§ **WHAT IS BEING ASKED**
Pictures aside, the data must be reproduced exactly.

(PROVIDED DATA)

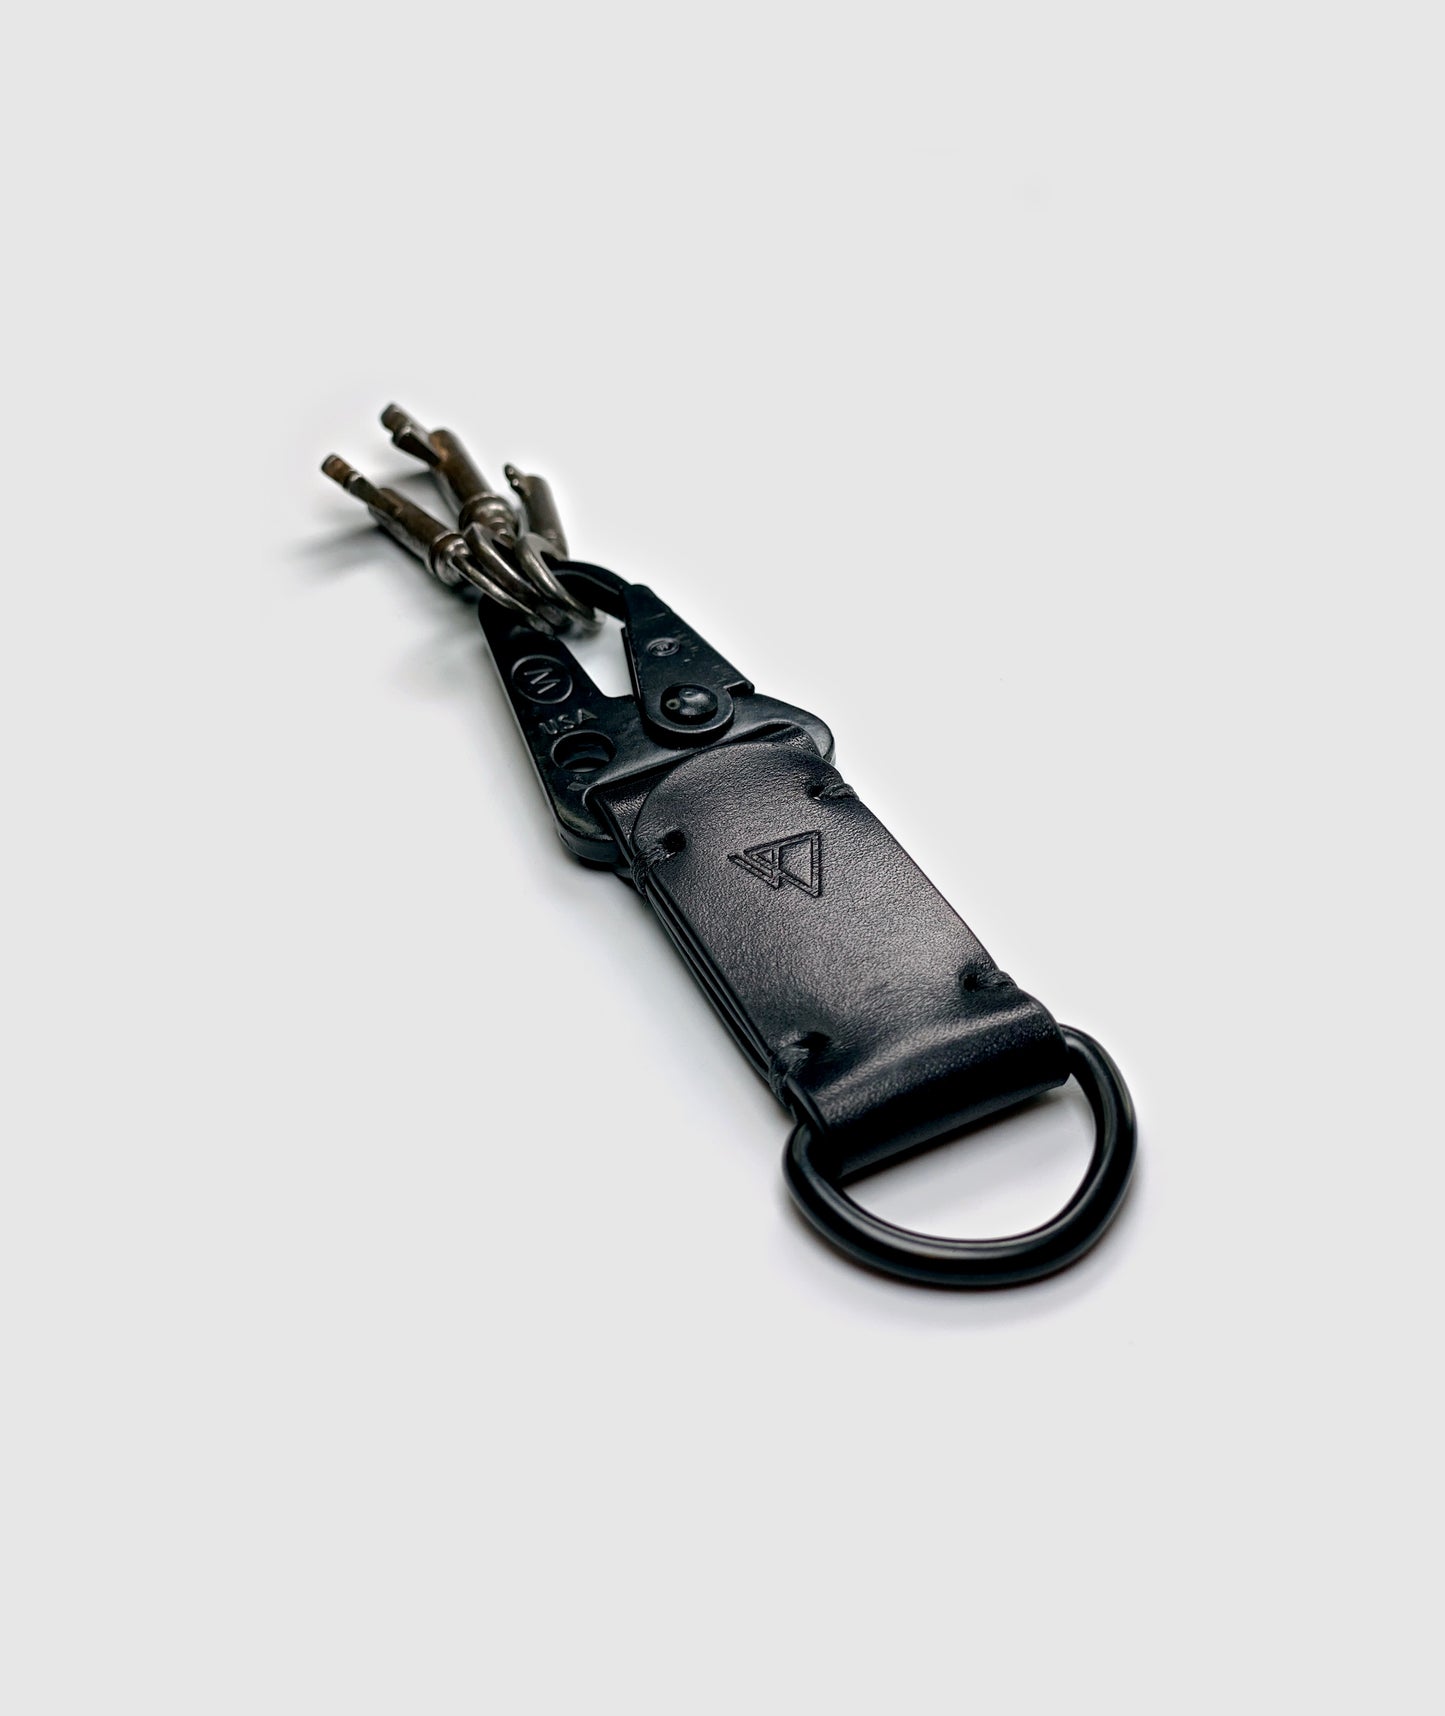 Black handmade leather snap hook keychain by darksails - porte clefs fait main en cuir noir
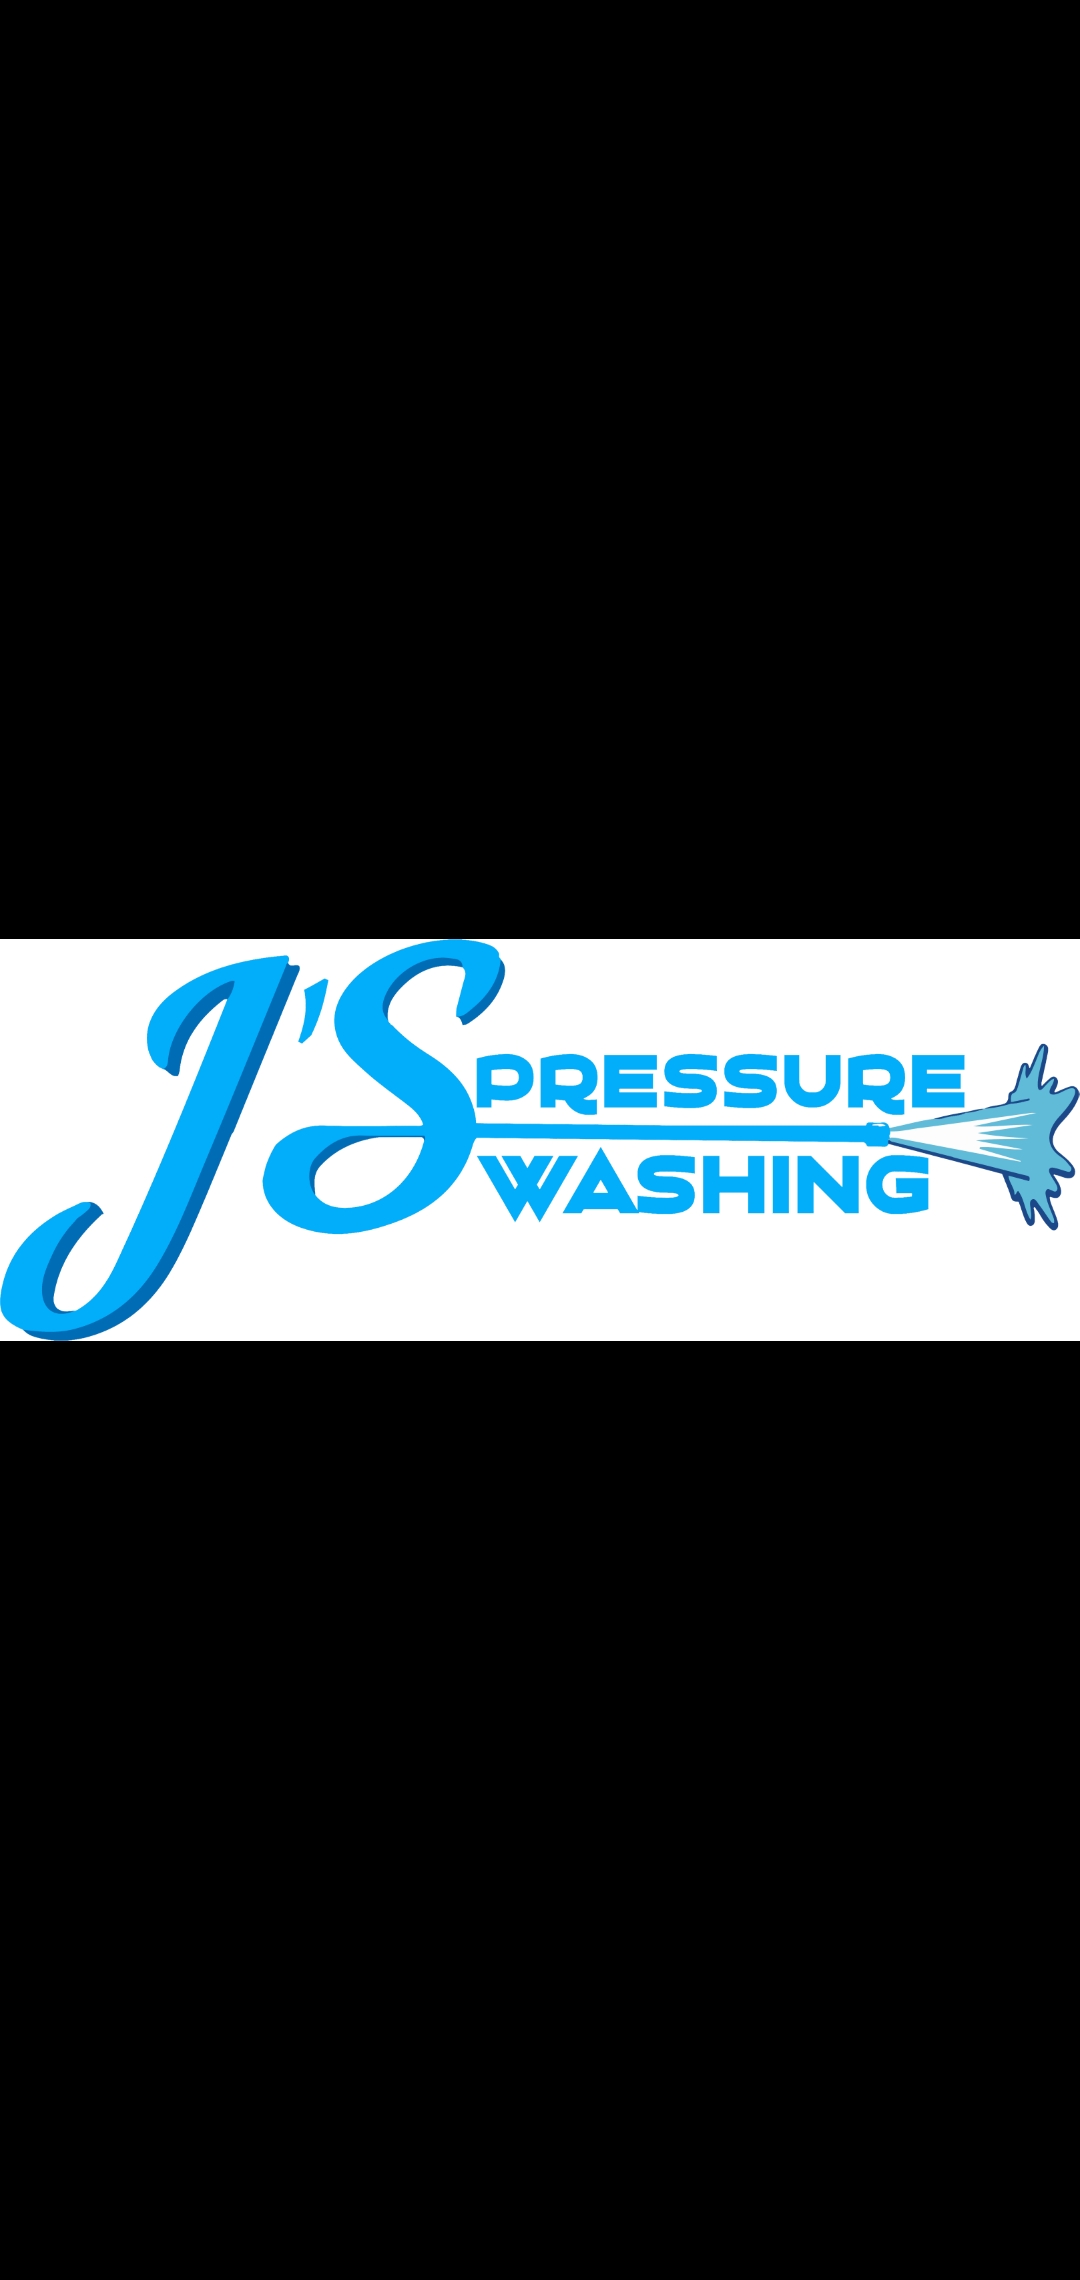 J's Pressure Washing Service Logo
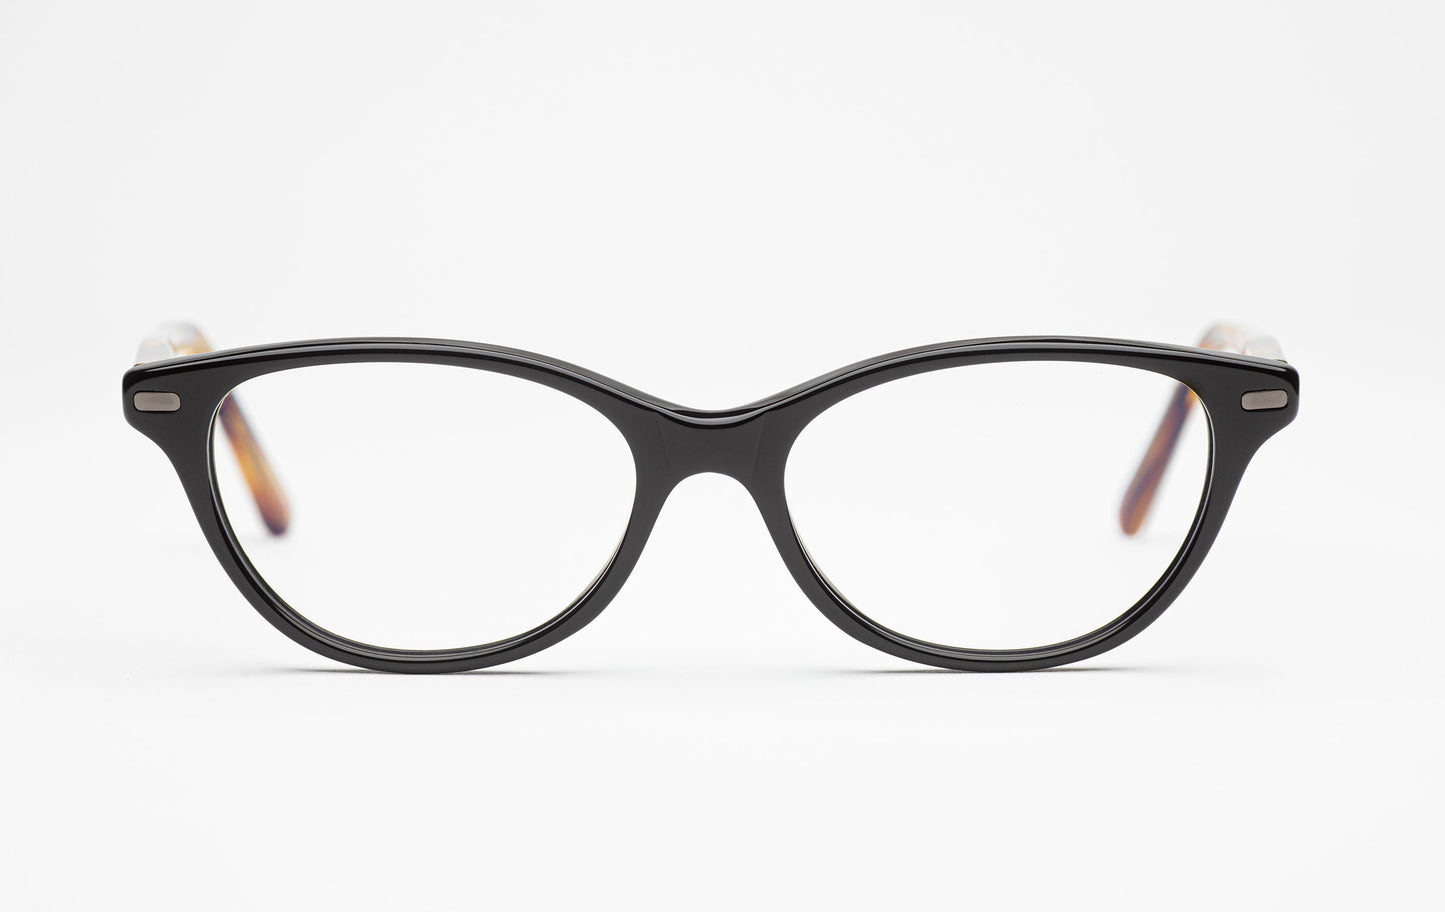 Black Oval Cat Eye Glasses with tortoiseshell stems

(End PROVIDED DATA)

§ **TASK SOLUTION**
 Black handmade leather snap hook keychain by darksails - porte clefs fait main en cuir noir
 J's Pressure Washing Service Logo
 Black Oval Cat Eye Glasses with tortoiseshell stems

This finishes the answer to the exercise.